■ **PROMPT**
The task requires restating, word for word, the lines of the entries below from the one containing "A corn cob in foil" through the final one, both included.

■ **Entries taken from a collection**
=== Begin Enclosure ===
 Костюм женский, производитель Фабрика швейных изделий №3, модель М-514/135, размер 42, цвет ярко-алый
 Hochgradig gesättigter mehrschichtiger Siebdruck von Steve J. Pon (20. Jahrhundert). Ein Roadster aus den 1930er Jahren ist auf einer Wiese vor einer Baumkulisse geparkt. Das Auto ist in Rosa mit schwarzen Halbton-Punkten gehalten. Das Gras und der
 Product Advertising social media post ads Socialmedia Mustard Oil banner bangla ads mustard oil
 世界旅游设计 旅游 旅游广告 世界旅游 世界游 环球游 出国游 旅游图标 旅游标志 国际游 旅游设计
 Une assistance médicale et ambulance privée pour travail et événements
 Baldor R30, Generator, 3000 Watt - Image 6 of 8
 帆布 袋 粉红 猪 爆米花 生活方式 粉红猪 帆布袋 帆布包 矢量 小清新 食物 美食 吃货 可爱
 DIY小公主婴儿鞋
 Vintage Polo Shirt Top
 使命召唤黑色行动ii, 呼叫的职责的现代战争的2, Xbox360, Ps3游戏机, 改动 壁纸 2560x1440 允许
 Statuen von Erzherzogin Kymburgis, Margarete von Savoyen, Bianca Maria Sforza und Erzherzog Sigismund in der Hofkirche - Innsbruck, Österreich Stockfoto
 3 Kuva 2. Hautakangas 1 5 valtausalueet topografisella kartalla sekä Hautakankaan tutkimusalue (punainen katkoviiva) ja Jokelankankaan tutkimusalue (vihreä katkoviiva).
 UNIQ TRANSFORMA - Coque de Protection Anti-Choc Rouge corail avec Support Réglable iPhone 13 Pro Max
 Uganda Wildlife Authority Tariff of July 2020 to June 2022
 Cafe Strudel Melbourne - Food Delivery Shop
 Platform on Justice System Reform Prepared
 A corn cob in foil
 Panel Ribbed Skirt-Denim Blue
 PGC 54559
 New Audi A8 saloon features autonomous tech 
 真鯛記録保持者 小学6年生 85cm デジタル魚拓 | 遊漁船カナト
=== End Enclosure ===
■ **ANSWER TO THIS EXERCISE**
 A corn cob in foil
 Panel Ribbed Skirt-Denim Blue
 PGC 54559
 New Audi A8 saloon features autonomous tech 
 真鯛記録保持者 小学6年生 85cm デジタル魚拓 | 遊漁船カナト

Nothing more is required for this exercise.